Understanding the Higgs Mechanism

[touqra]

Let me take an example.
Suppose we have a Lagrangian, of a scalar field coupled to itself and a massless gauge boson field. Next, we expand the Lagrangian about the vacuum expectation value of the scalar field, and it turns out that, in the end, the gauge boson is massive.
My question is, this massive boson has a mass in the vicinity of the scalar field's VEV. But if we expand the scalar around some other values, the mass of the gauge boson changes too. And we can also expand the Lagrangian around some scalar value, such that the gauge boson remains massless...

 

[RafaMarce]

I think "yes", we have to choose the point where all fields vanish to do the expansion of lagrangean... There is a possible vacuum state in this point. But this is a trivial solution, i think is the only place where we have massless gauge boson, since that the symmetry is broken.

 

[sir-pinski]

The Higgs mechanism is a fundamental concept in particle physics that explains how particles acquire mass. In the example you have provided, the Lagrangian describes the interaction between a scalar field and a gauge boson field. The gauge boson is initially massless, but after expanding the Lagrangian about the vacuum expectation value (VEV) of the scalar field, it becomes massive.
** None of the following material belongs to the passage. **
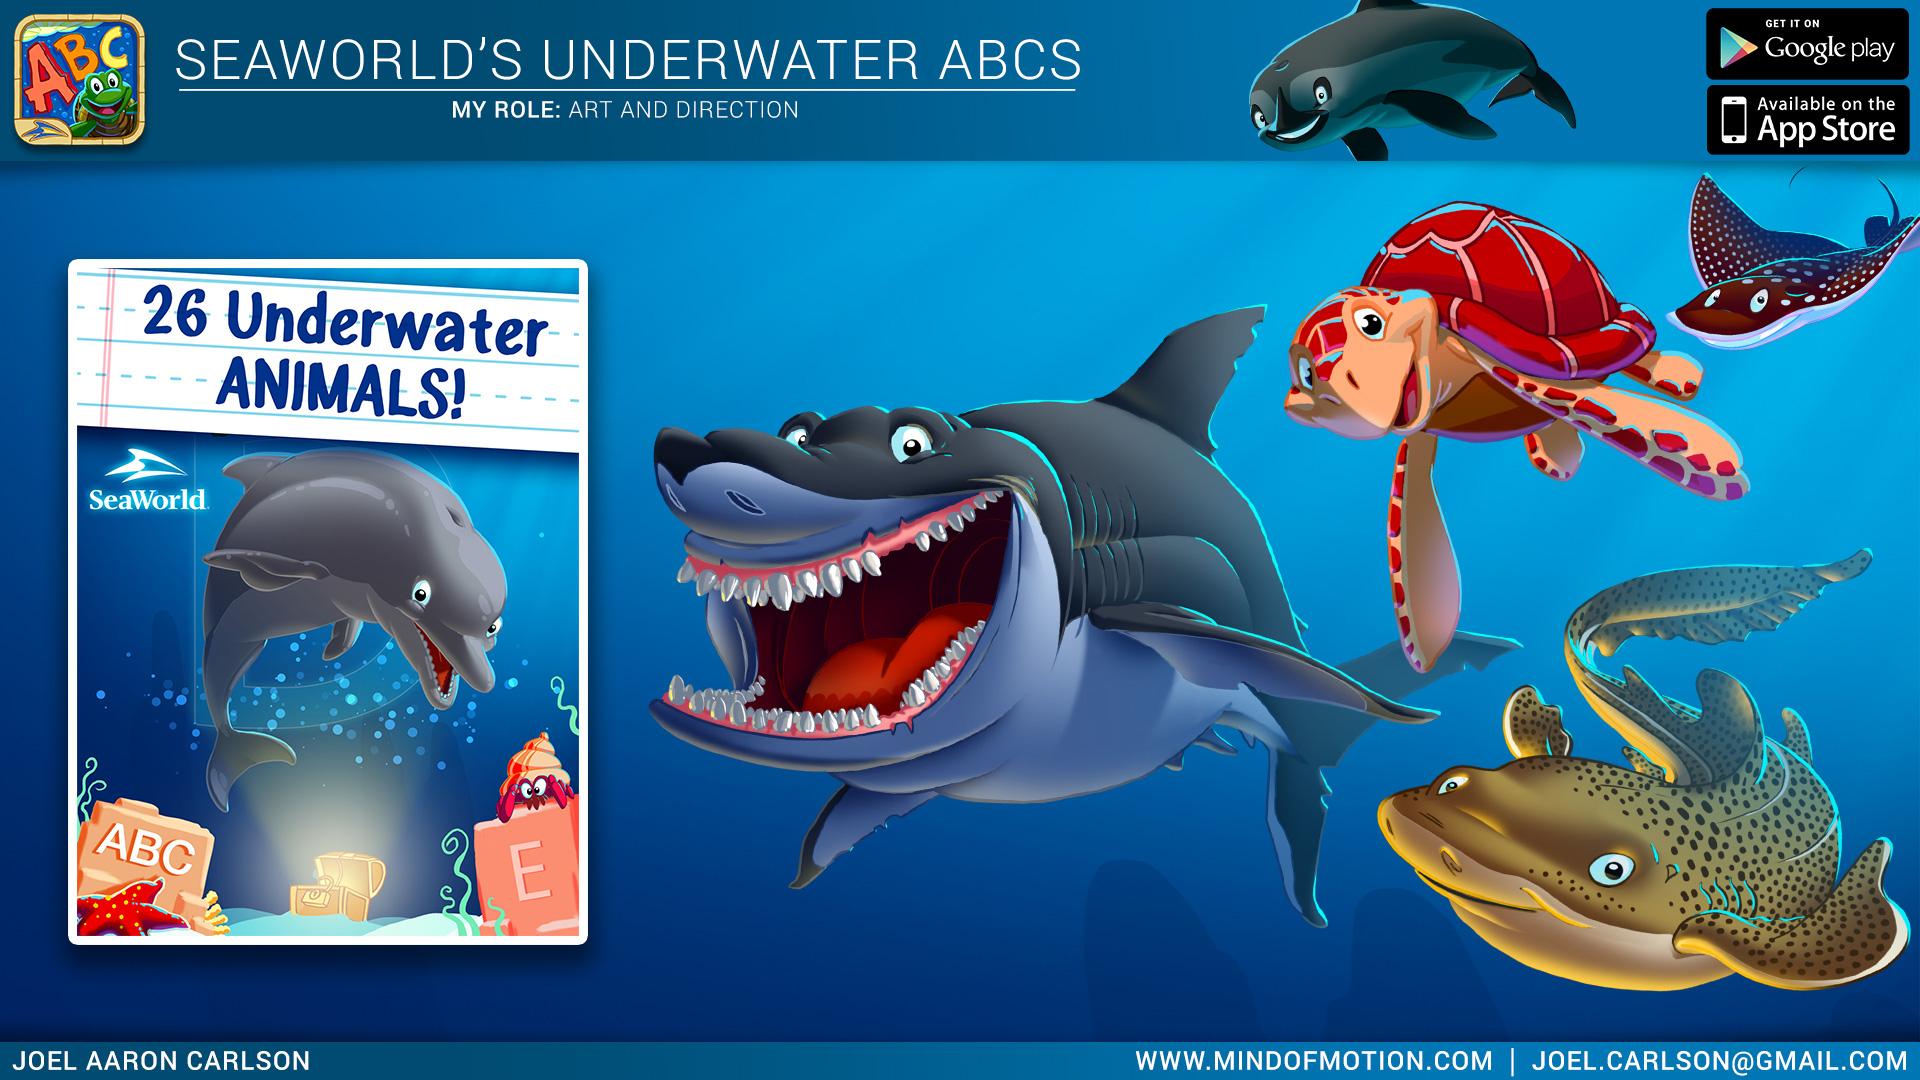 Portfolio-GameDevelopment-01-SeaWorldsUnderwaterABCs.jpg

This arises from the spontaneous breaking of a symmetry in the Lagrangian, known as the Higgs field. The Higgs field permeates all of space and interacts with other particles, giving them mass. The Higgs mechanism works by creating a field that permeates space, and as particles move through this field, they experience resistance and therefore acquire mass.

In your example, when the scalar field is expanded around a different VEV, the mass of the gauge boson changes because the strength of its interaction with the Higgs field is different. This shows that the Higgs mechanism is intimately linked to the VEV of the scalar field, and the mass of particles is dependent on the strength of their interaction with the Higgs field.
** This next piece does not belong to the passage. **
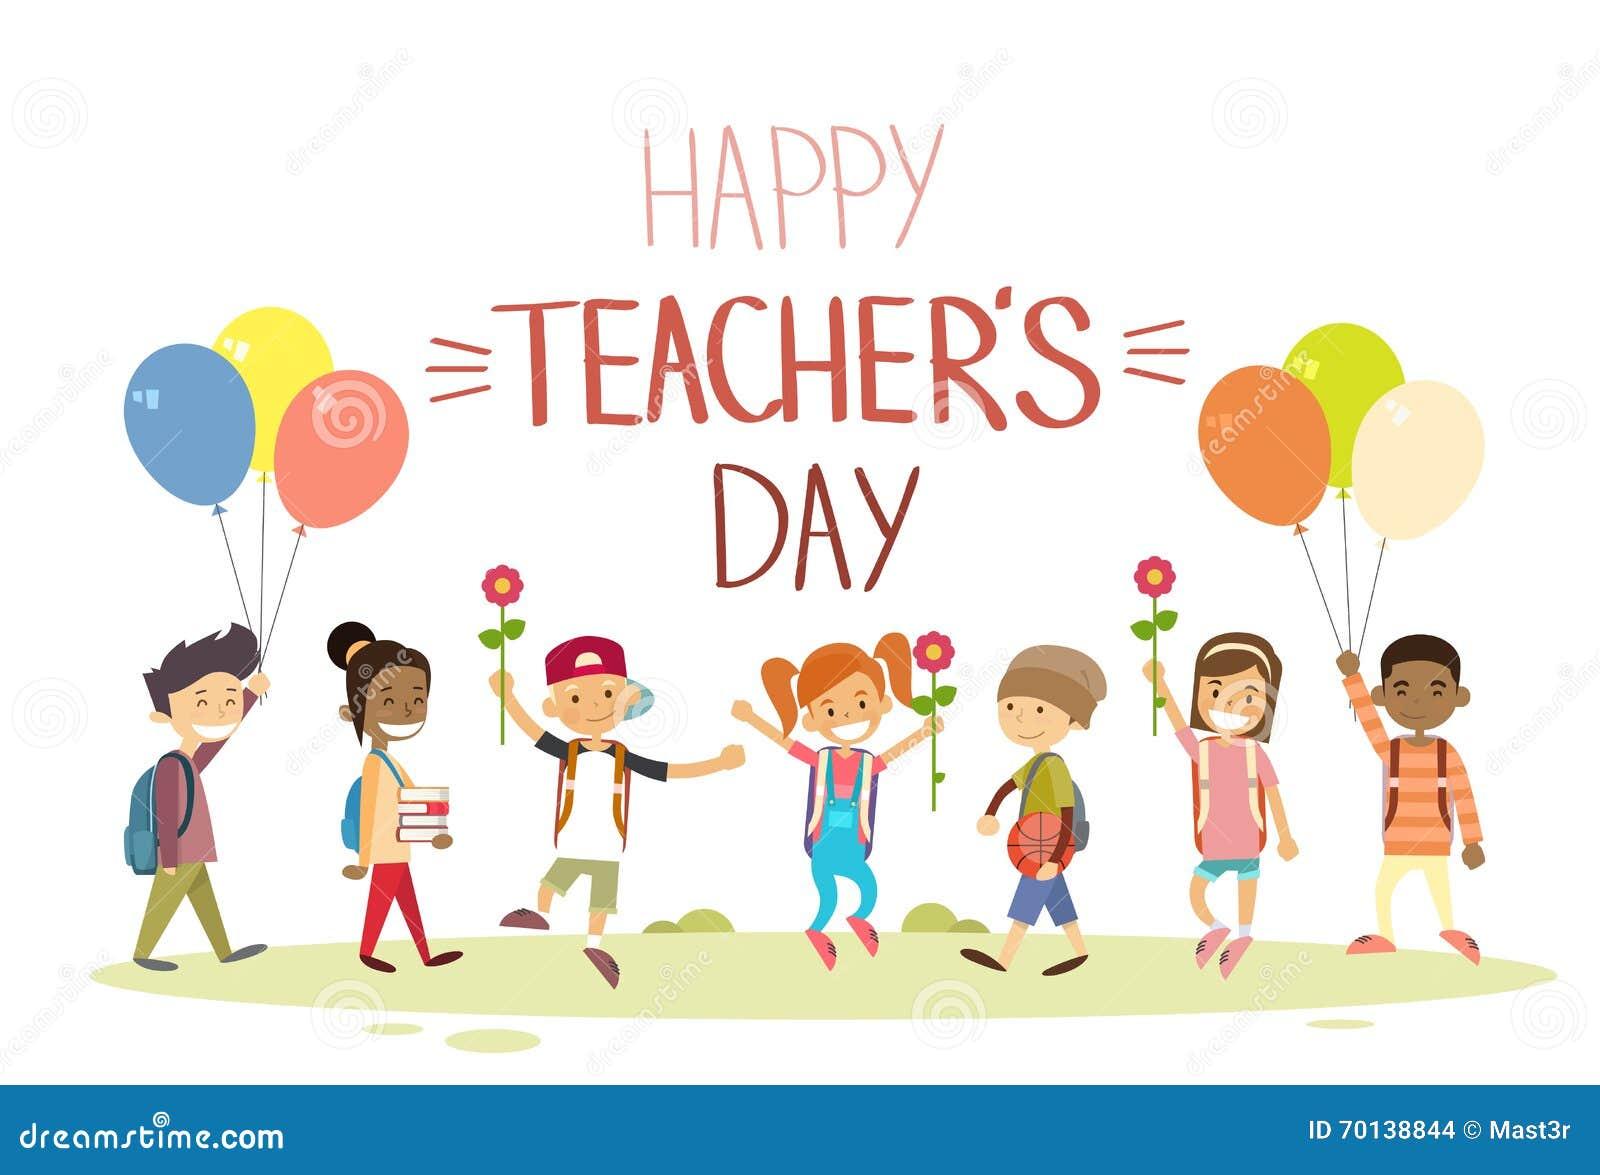 teenage christmas card photo ideas - Teacher Day School Children Group Hold Flowers Balloons

Furthermore, by expanding the Lagrangian around a different scalar value, it is possible to keep the gauge boson massless. This is because the Higgs field only interacts with particles that have a non-zero mass, so if the scalar field is expanded in such a way that the gauge boson remains massless, it means that the Higgs field is not interacting with it.

In summary, the Higgs mechanism is a crucial concept in understanding how particles acquire mass and how this mass is dependent on the VEV of the scalar field. It is a fundamental part of the Standard Model of particle physics and has been confirmed through experimental evidence, making it an essential tool for understanding the fundamental building blocks of our universe.